Ferma restando l'applicazione dell'adeguamento in parola anche in tutti gli altri casi previsti dalla legge, ecco i requisiti di accesso alla pensione di vecchiaia, alla pensione anticipata e alla pensione di anzianità con il sistema delle c.d. quote, adeguati agli incrementi della speranza di vita, come previsto dal decreto 5 dicembre 2017.

Pensione di vecchiaia, pensione anticipata, pensione anticipata precoci

Il requisito per la pensione di vecchiaia per gli iscritti all'assicurazione generale obbligatoria, alle forme sostitutive ed esclusive della medesima e alla Gestione separata è di 67 anni dal 1° gennaio 2019 al 31 dicembre 2020 e sempre di 67 anni, da adeguare alla speranza di vita, dal primo gennaio 2021.

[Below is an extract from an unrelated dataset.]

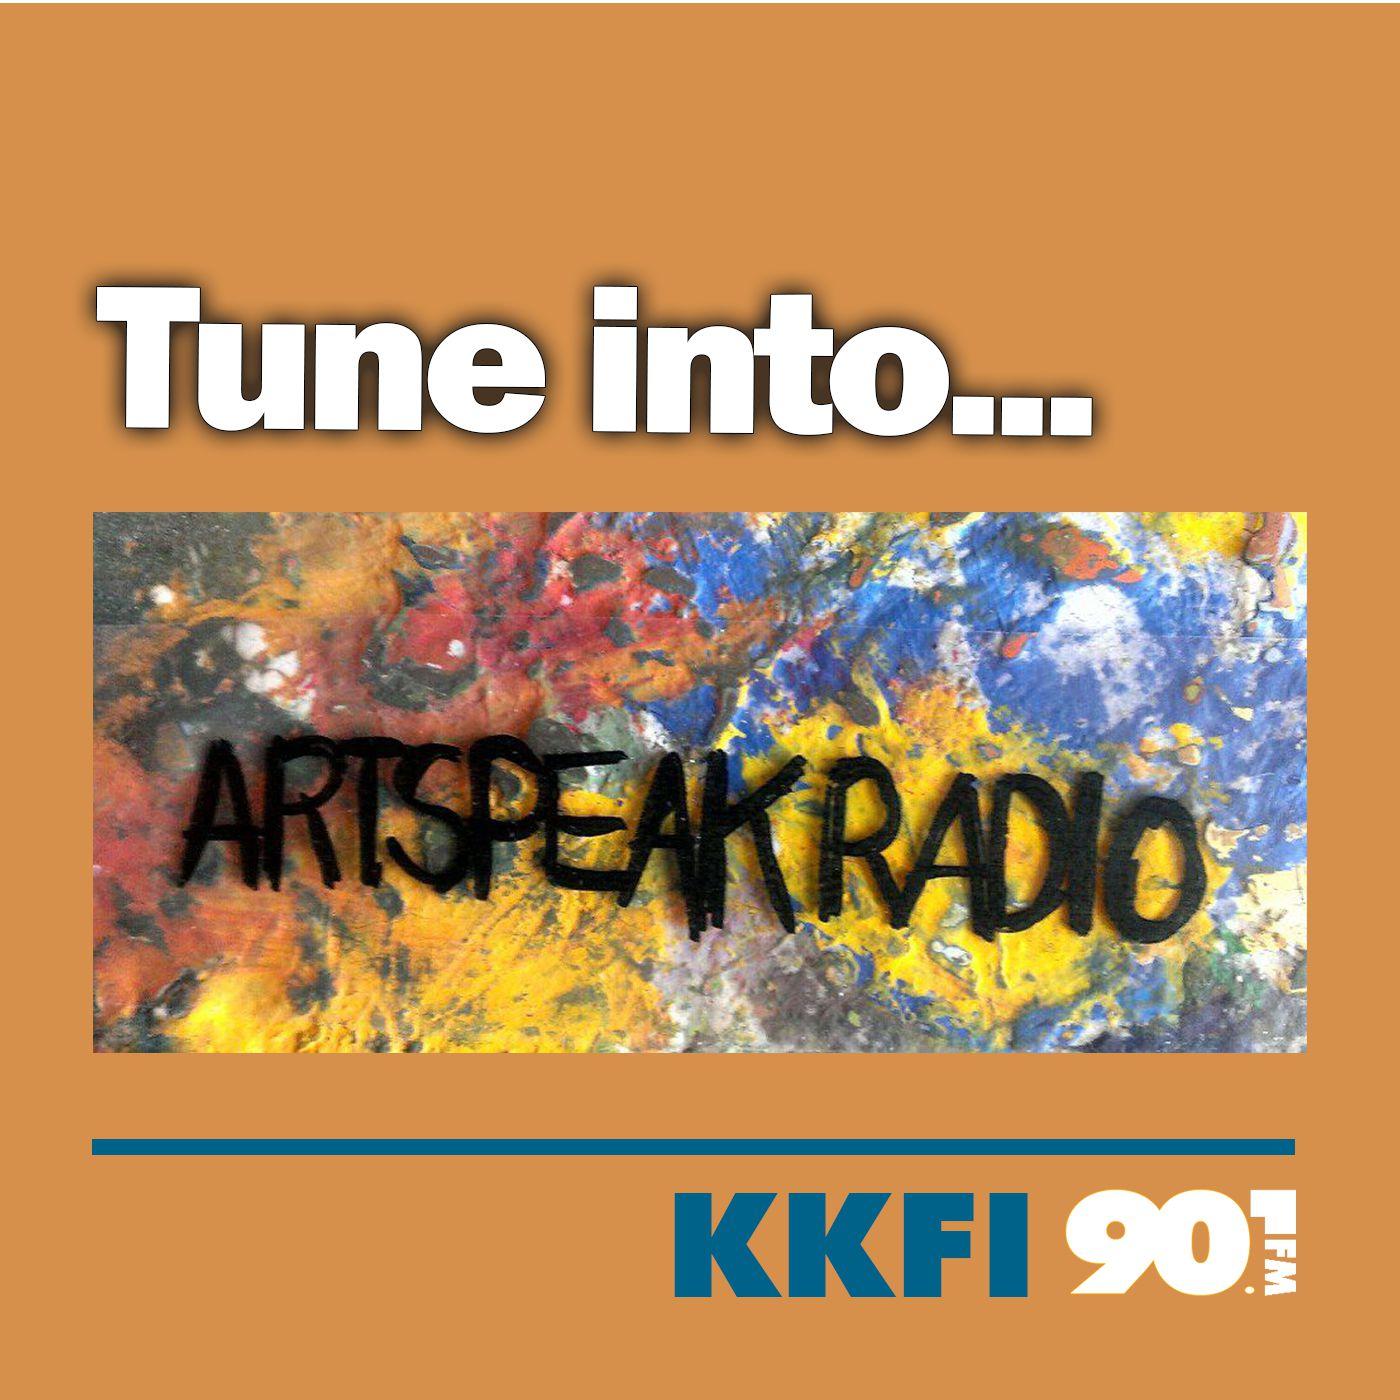 logo-artspeak-radio-1400x1400

Il requisito per la pensione anticipata dal 1° gennaio 2019 al 31 dicembre 2020: per gli uomini 43 anni e tre mesi (2249 settimane); per le donne 42 anni e tre mesi (2197 settimane). Dal 1° gennaio 2021 per gli uomini 43 anni e tre mesi (2249 settimane); per le donne 42 anni e tre mesi (2197 settimane), da adeguare alla speranza di vita.

Per i lavoratori "precoci": dal 1° gennaio 2019 al 31 dicembre 2020 il requisito è di 41 anni e cinque mesi (2154 settimane); idem dal 1° gennaio 2021, sempre tenendo presente l'adeguamento alla speranza di vita.

La circolare inoltre chiarisce che, per il biennio 2019-2020, i soggetti per i quali continuano a trovare applicazione le disposizioni in materia di requisiti per il diritto a pensione con il sistema delle c.d. quote possono conseguire tale diritto se in possesso di un'anzianità contributiva di almeno 35 anni e di un'età anagrafica minima di 62 anni, fermo restando il raggiungimento di quota 98, se lavoratori dipendenti pubblici e privati, ovvero di un'età anagrafica minima di 63 anni, fermo restando il raggiungimento di quota 99, se lavoratori autonomi iscritti all'Inps.

Anche per le pensioni militari 5 mesi in più

Infine, la circolare evidenzia che anche il comparto difesa, sicurezza e soccorso pubblico dovrà dal prossimo anno lavorare 5 mesi in più. Le indicazioni fornite dall'Inps confermano l'adeguamento dei requisiti di pensionamento del personale appartenente ad Esercito, Marina, Aeronautica, Carabinieri, Polizia di Stato, Polizia penitenziaria, Guardia di Finanza e Vigili del Fuoco nella misura stabilita dal decreto del Ministero del Lavoro e dell'Economia dello scorso 5 dicembre.